Work request
Your copy should start at the line with "附件：关于召开中国勘察设计协" and end at the line with "Fender Custom Shop" in the data below. Transcribe only those lines, exactly, pictures excluded.

Data excerpts
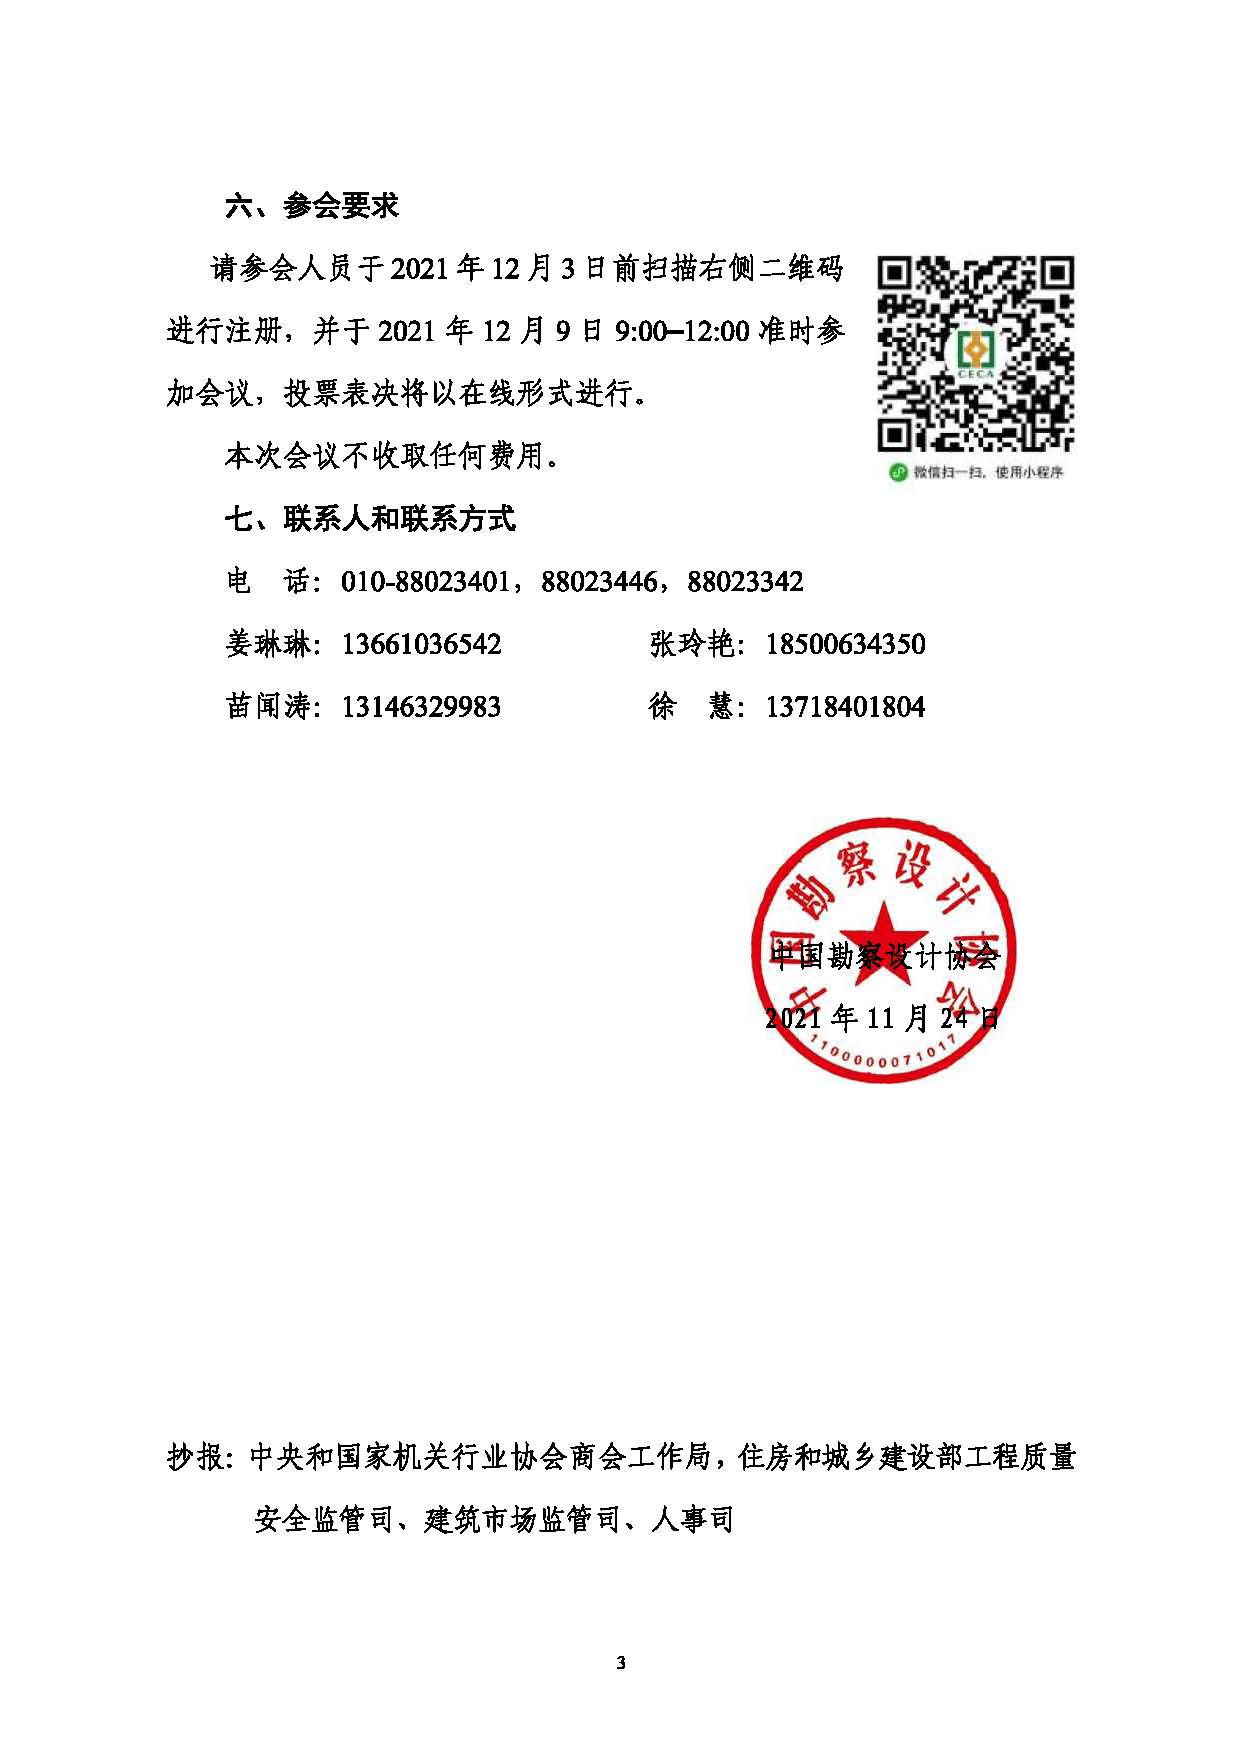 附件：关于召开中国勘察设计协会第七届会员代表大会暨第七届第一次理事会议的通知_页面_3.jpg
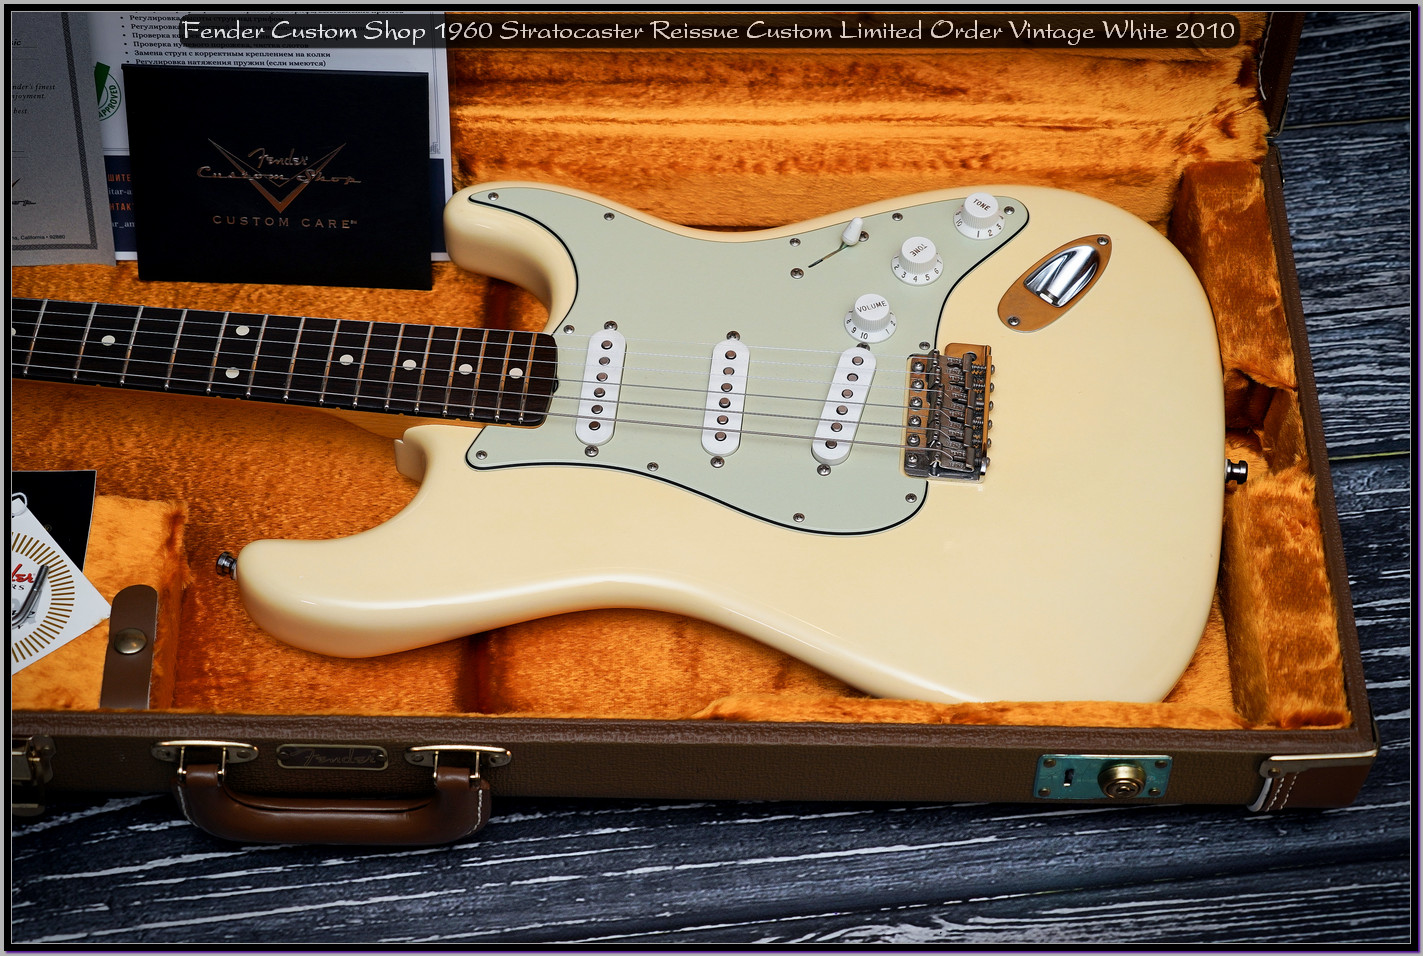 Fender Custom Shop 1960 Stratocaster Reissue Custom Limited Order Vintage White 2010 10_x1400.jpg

==

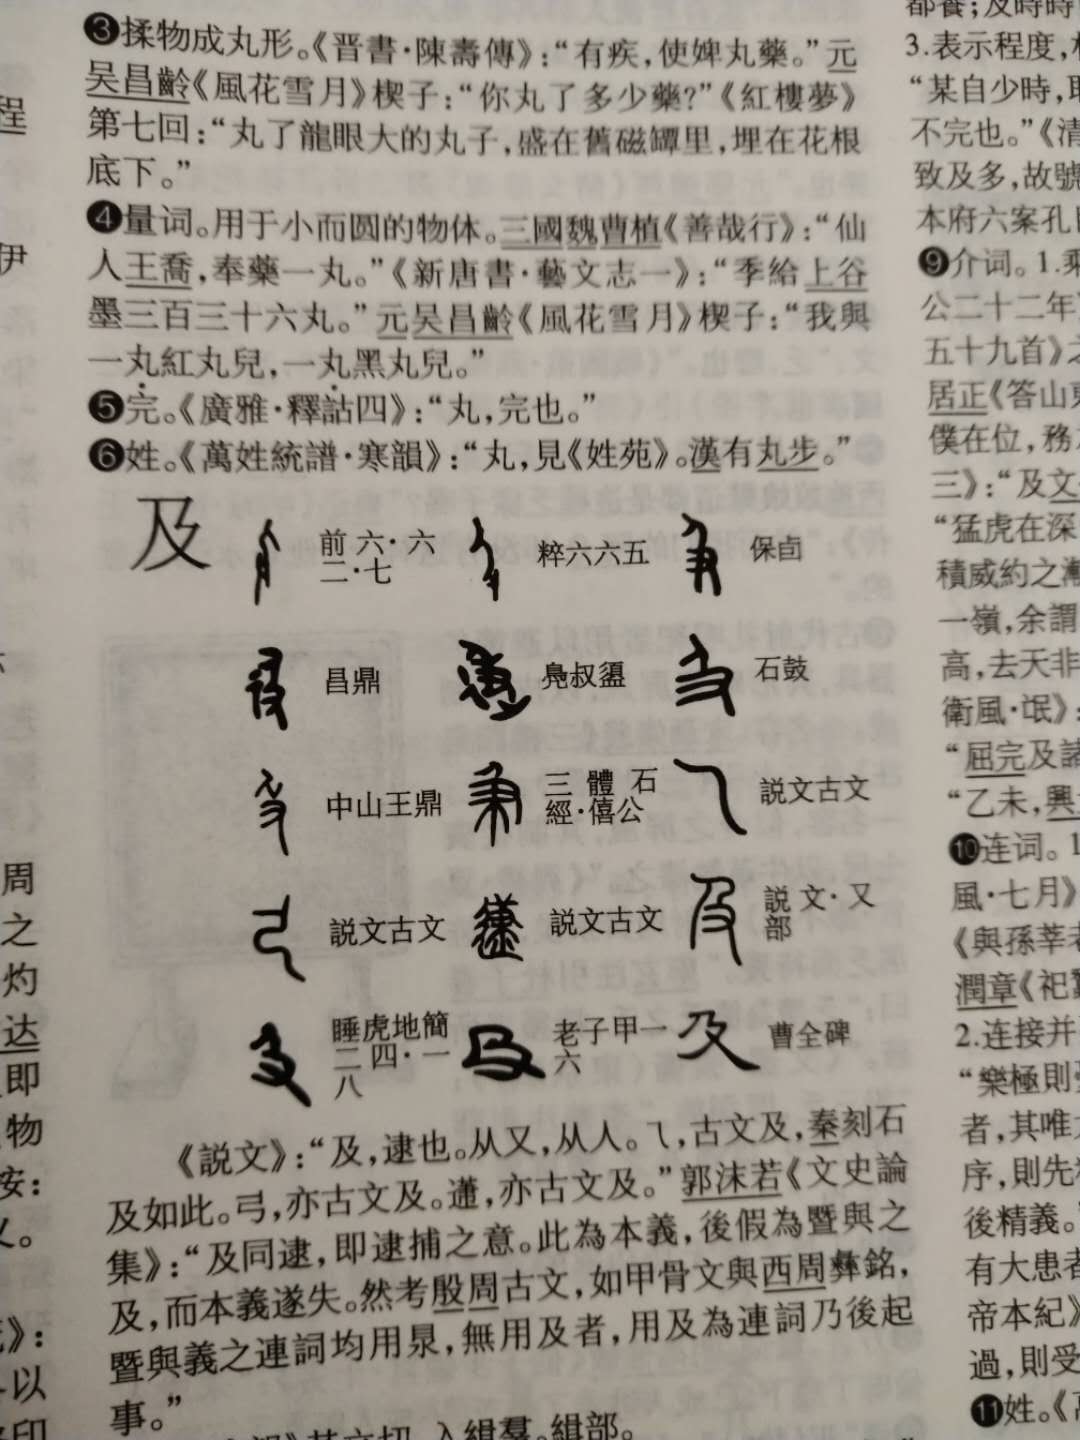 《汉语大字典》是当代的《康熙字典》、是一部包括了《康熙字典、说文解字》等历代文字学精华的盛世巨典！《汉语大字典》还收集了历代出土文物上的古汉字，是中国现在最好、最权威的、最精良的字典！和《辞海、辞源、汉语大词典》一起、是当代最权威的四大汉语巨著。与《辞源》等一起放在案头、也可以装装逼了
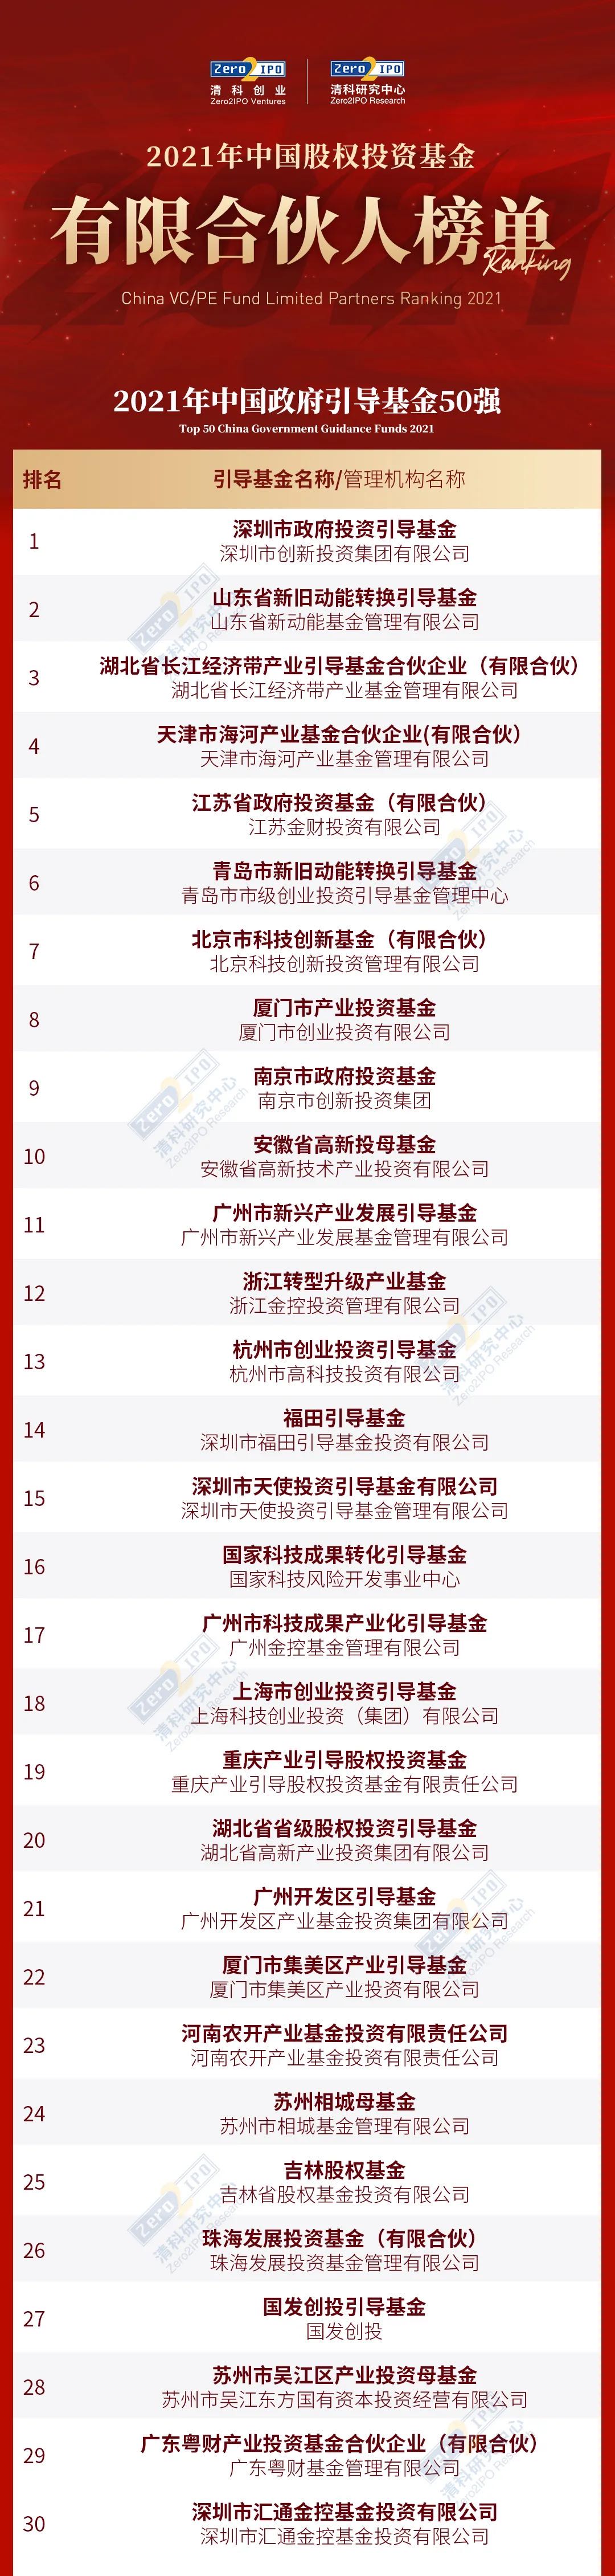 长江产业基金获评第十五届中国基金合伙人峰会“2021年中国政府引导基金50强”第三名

--

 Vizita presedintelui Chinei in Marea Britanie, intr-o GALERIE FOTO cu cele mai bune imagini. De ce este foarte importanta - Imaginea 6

Response to this task
 附件：关于召开中国勘察设计协会第七届会员代表大会暨第七届第一次理事会议的通知_页面_3.jpg
 Fender Custom Shop 1960 Stratocaster Reissue Custom Limited Order Vintage White 2010 10_x1400.jpg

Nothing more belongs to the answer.